The task is to predict the Chance of one of the O‐rings would fail when the launch temperature is below freezing.
orings = read.table("http://archive.ics.uci.edu/ml/machine-learning-databases/space-shuttle/o-ring-erosion-or-blowby.data")
orings
## V1 V2 V3 V4 V5
## 1 6 0 66 50 1
## 2 6 1 70 50 2
## 3 6 0 69 50 3
## 4 6 0 68 50 4
## 5 6 0 67 50 5
## 6 6 0 72 50 6
## 7 6 0 73 100 7
## 8 6 0 70 100 8
## 9 6 1 57 200 9
## 10 6 1 63 200 10
## 11 6 1 70 200 11
## 12 6 0 78 200 12
## 13 6 0 67 200 13
## 14 6 2 53 200 14
## 15 6 0 67 200 15
## 16 6 0 75 200 16
## 17 6 0 70 200 17
## 18 6 0 81 200 18
## 19 6 0 76 200 19
## 20 6 0 79 200 20
## 21 6 2 75 200 21
## 22 6 0 76 200 22
## 23 6 1 58 200 23
orings=orings[, c(2:3)]
names(orings)=c("damage", "temp")
orings[order(orings$temp),]
## damage temp
## 14 2 53
## 9 1 57
## 23 1 58
## 10 1 63
## 1 0 66
## 5 0 67
## 13 0 67
## 15 0 67
## 4 0 68
## 3 0 69
## 2 1 70
## 8 0 70
## 11 1 70
## 17 0 70
## 6 0 72
## 7 0 73
## 16 0 75
## 21 2 75
## 19 0 76
## 22 0 76
## 12 0 78
## 20 0 79
## 18 0 81
logitmod=glm(cbind(damage, 6-damage) ~ temp, family=binomial, data=orings)
summary(logitmod)
##
## Call:
## glm(formula = cbind(damage, 6 - damage) ~ temp, family = binomial,
## data = orings)
##
## Deviance Residuals:
## Min 1Q Median 3Q Max
## -0.95227 -0.78299 -0.54117 -0.04379 2.65152
##
## Coefficients:
## Estimate Std. Error z value Pr(>|z|)
## (Intercept) 5.08498 3.05247 1.666 0.0957 .

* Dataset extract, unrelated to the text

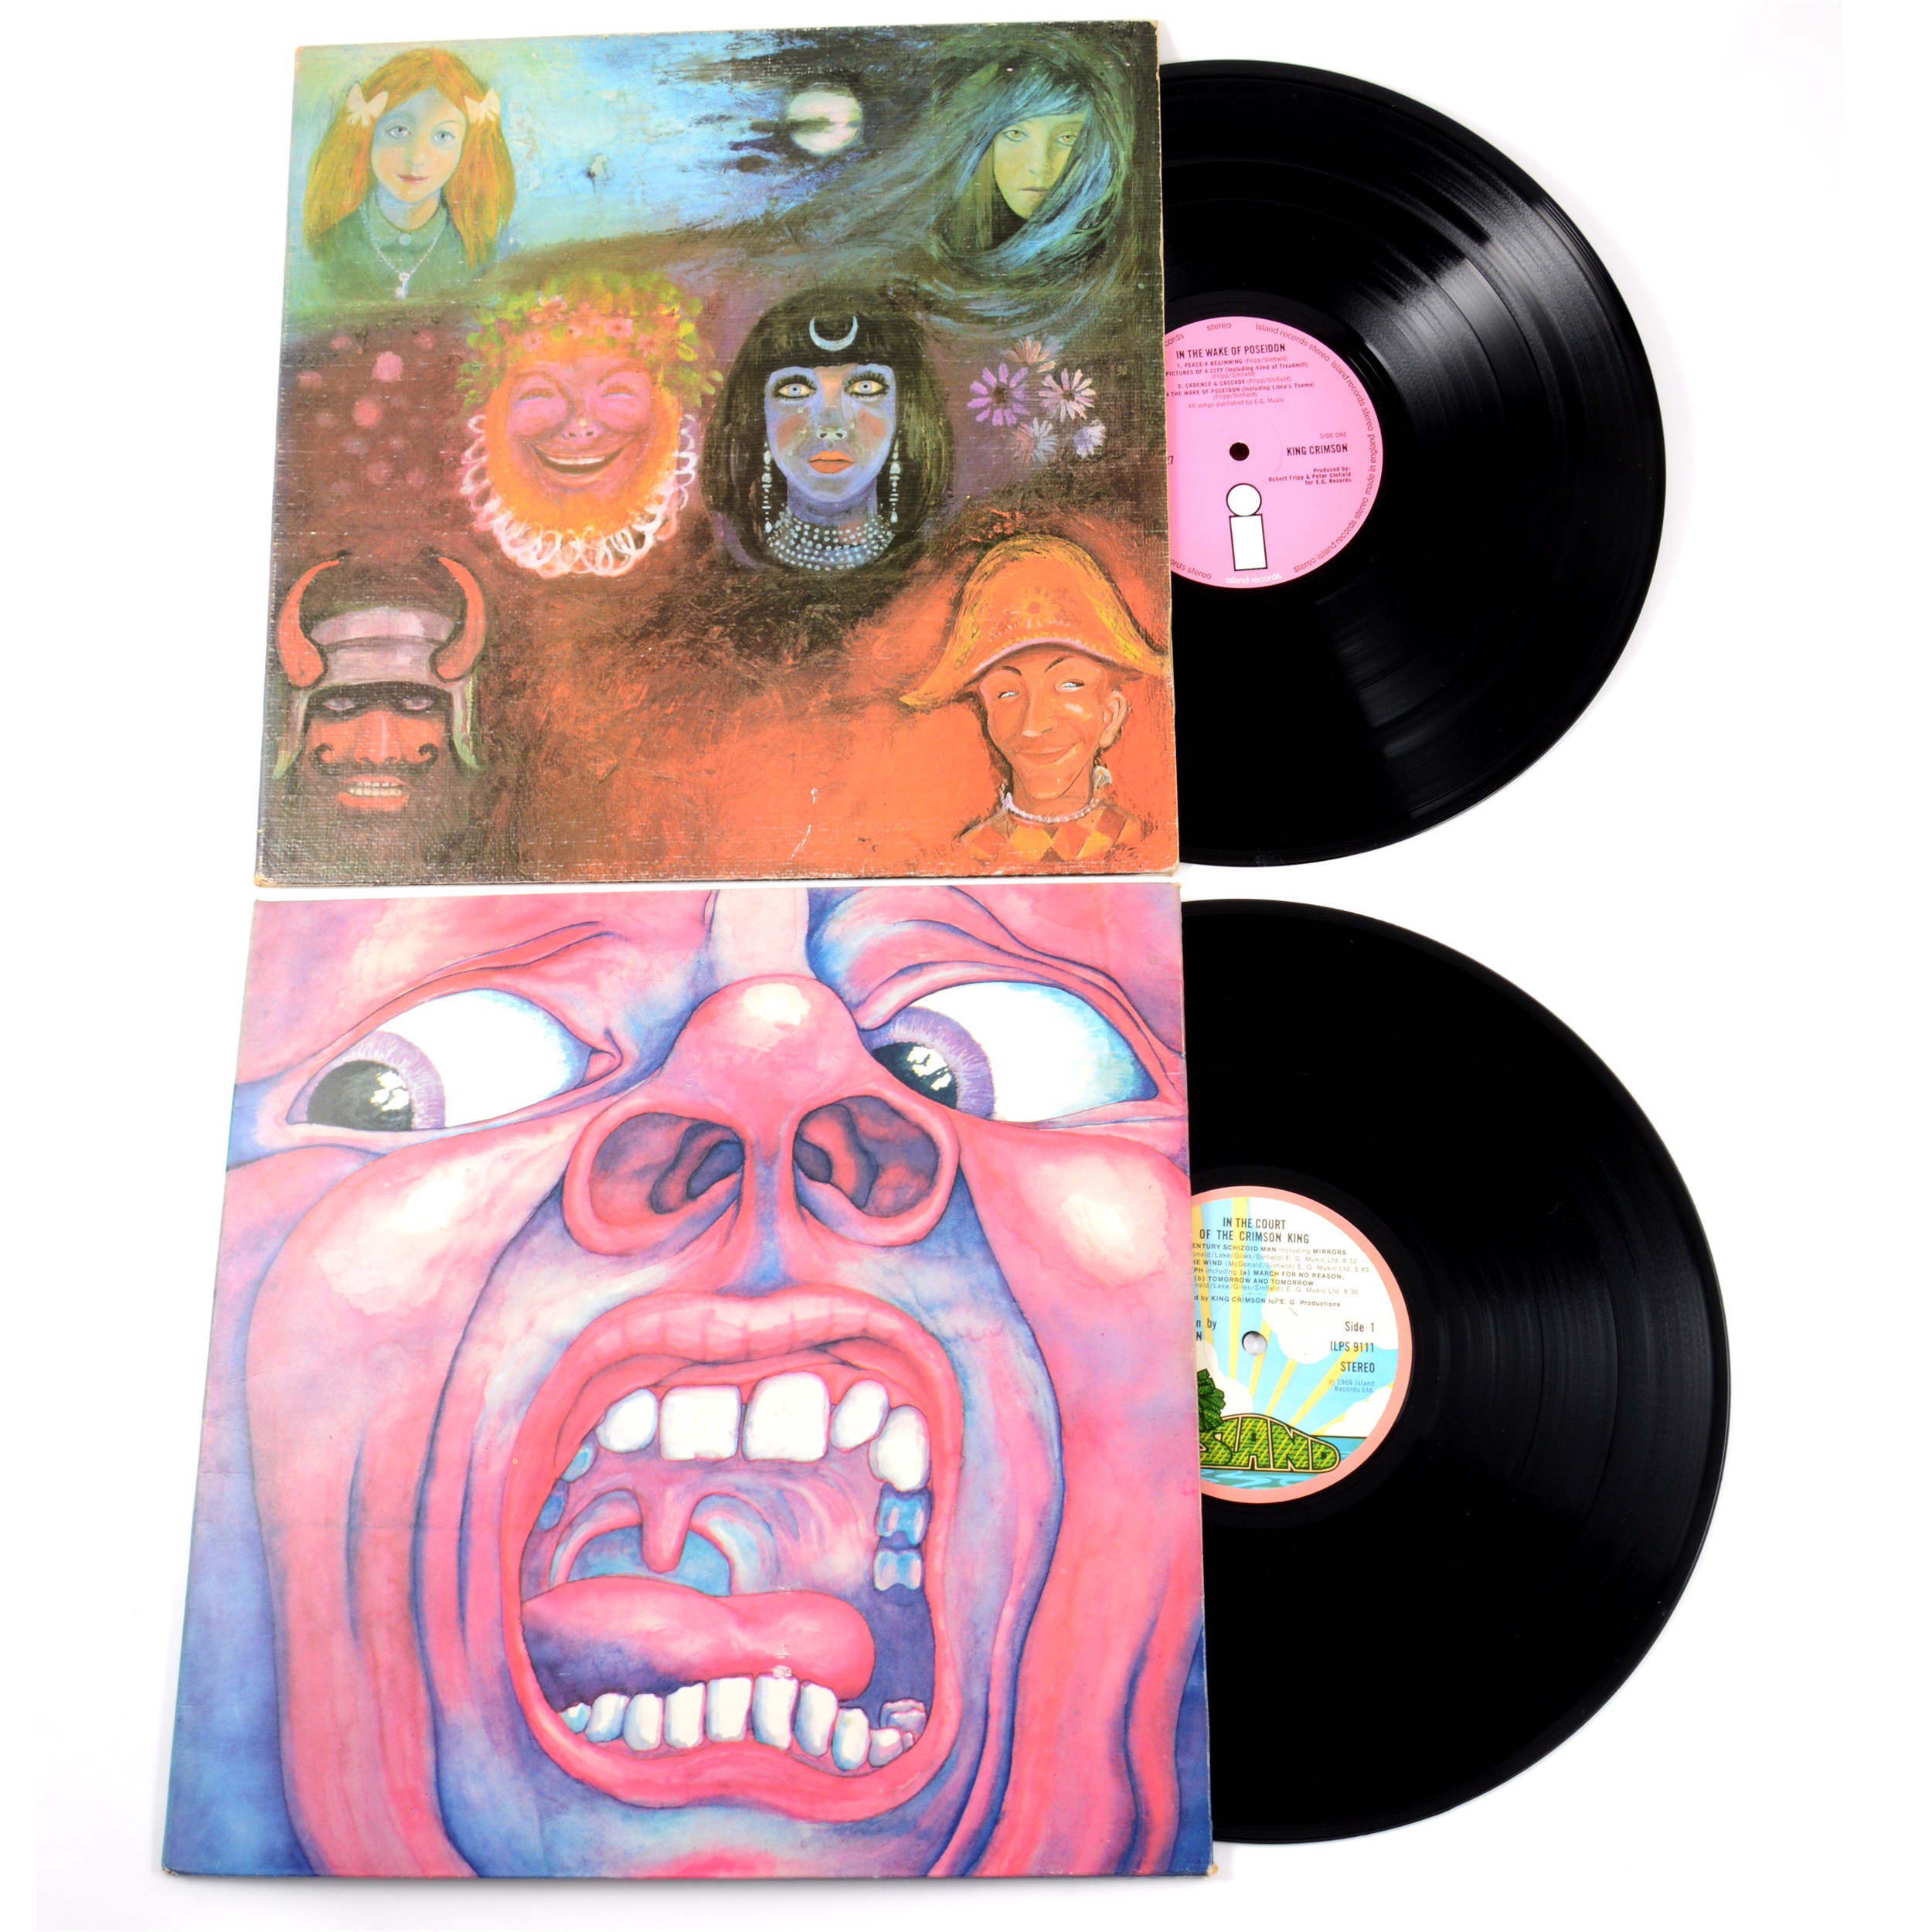 Lot 447 - King Crimson - Two LP albums, In the

## temp -0.11560 0.04702 -2.458 0.0140 *
## ---
## Signif. codes: 0 '***' 0.001 '**' 0.01 '*' 0.05 '.' 0.1 ' ' 1
##
## (Dispersion parameter for binomial family taken to be 1)
##
## Null deviance: 24.230 on 22 degrees of freedom
## Residual deviance: 18.086 on 21 degrees of freedom
## AIC: 35.647
##
## Number of Fisher Scoring iterations: 5
predict(logitmod, data.frame(temp=31), type="response")
## 1
## 0.8177744
min.temp=31; max.temp=max(orings$temp)
plot(orings$temp, orings$damage/6,
xlim=c(min.temp, max.temp), ylim=c(0,1),
xlab="Temp", ylab="Chance of Damage")
newtemp = seq(min.temp, max.temp, length=100)

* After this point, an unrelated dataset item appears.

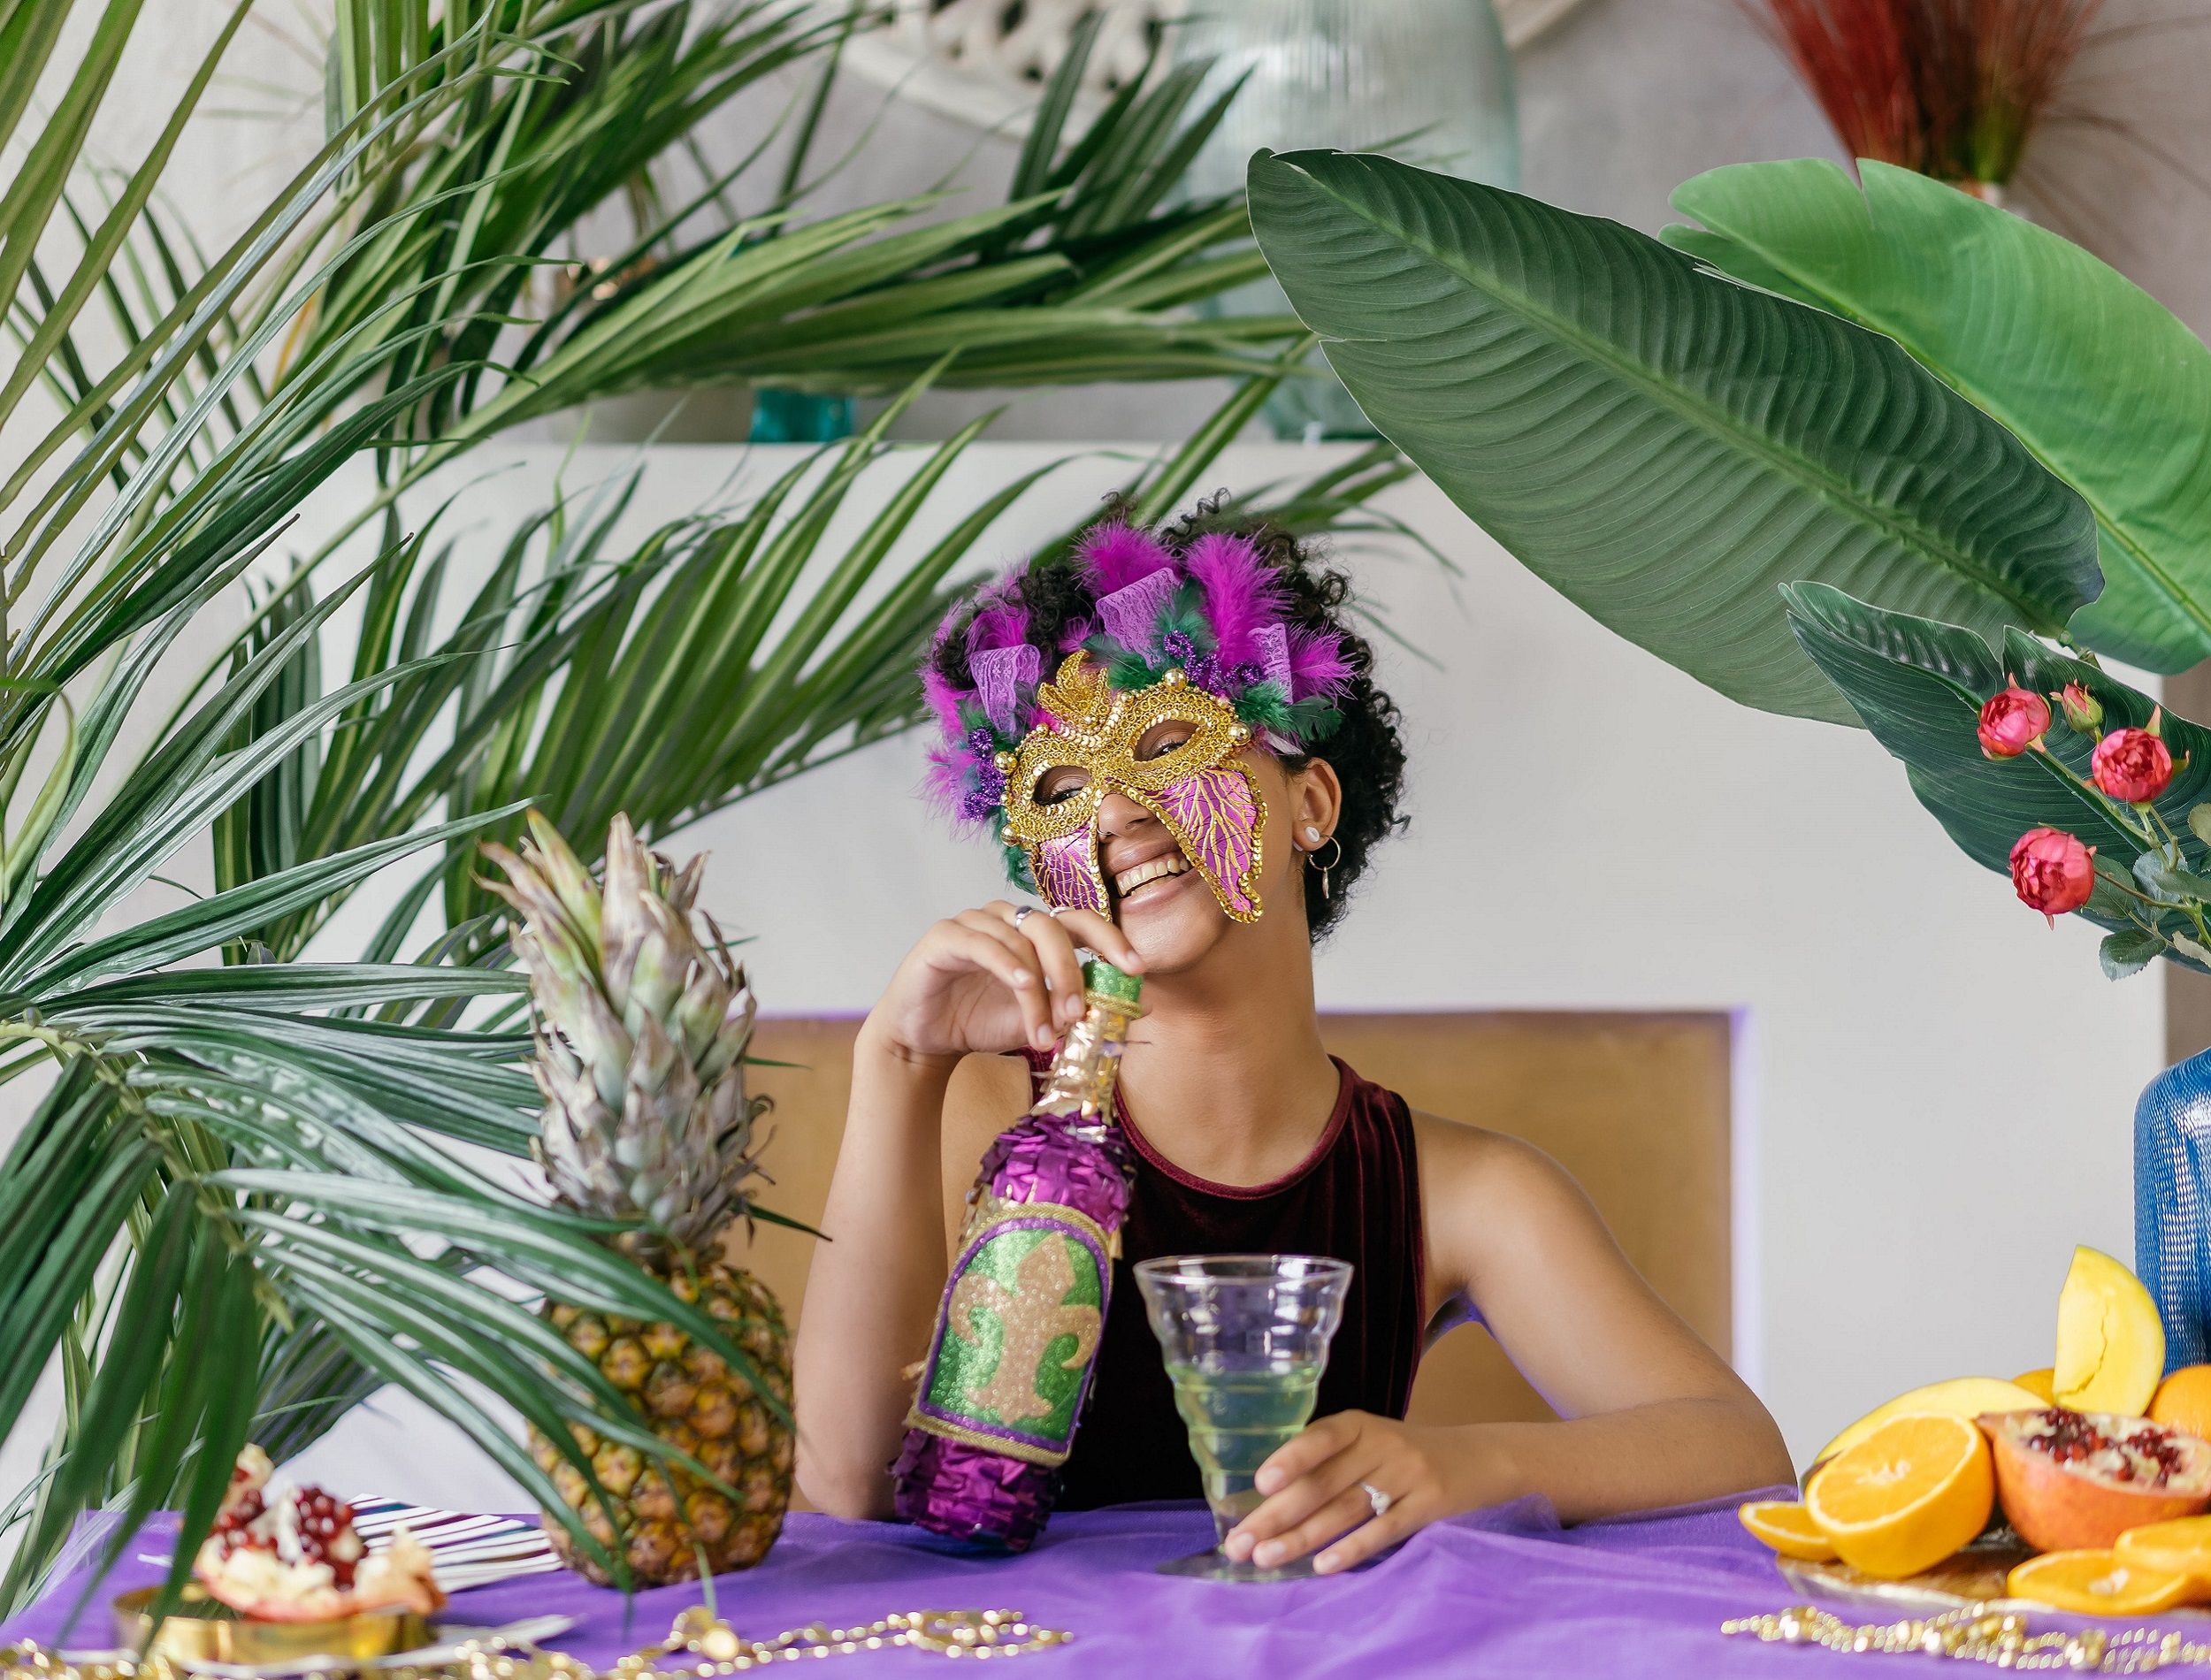 Mardi Gras party plant decor woman sitting at table with purple tablecloth

phat = predict(logitmod, data.frame(temp=newtemp), type="response")
lines(newtemp, phat, col="red")
Consider the following simple example: Y = 1 if x1 + x2 > 0, Y=0, otherwise.
x = matrix(runif(20), 10, 2)
y = ifelse(x[,1]+x[,2]>1, 1, 0);
plot(x[,1], x[,2], type="n", xlab="", ylab="");
text(x[,1], x[,2], y )
myfit=glm(y~x, family=binomial)
## Warning: glm.fit: algorithm did not converge
## Warning: glm.fit: fitted probabilities numerically 0 or 1 occurred
summary(myfit)
##
## Call:
## glm(formula = y ~ x, family = binomial)
##
## Deviance Residuals:
## Min 1Q Median 3Q Max
## -1.965e-05 -2.110e-08 -2.110e-08 2.110e-08 2.391e-05
##
## Coefficients:
## Estimate Std. Error z value Pr(>|z|)
## (Intercept) -345.5 395361.0 -0.001 0.999
## x1 353.5 408387.0 0.001 0.999
## x2 361.4 418630.2 0.001 0.999
##
## (Dispersion parameter for binomial family taken to be 1)
##
## Null deviance: 1.3460e+01 on 9 degrees of freedom
## Residual deviance: 1.1345e-09 on 7 degrees of freedom
## AIC: 6
##
## Number of Fisher Scoring iterations: 25
When the two group data (based on Y value) can be seperated by a linear function of x, i.e., linearly separable, then the logistic model would encounter some convergence issue, since the MLE of beta would converge to infinity or negative-infinity.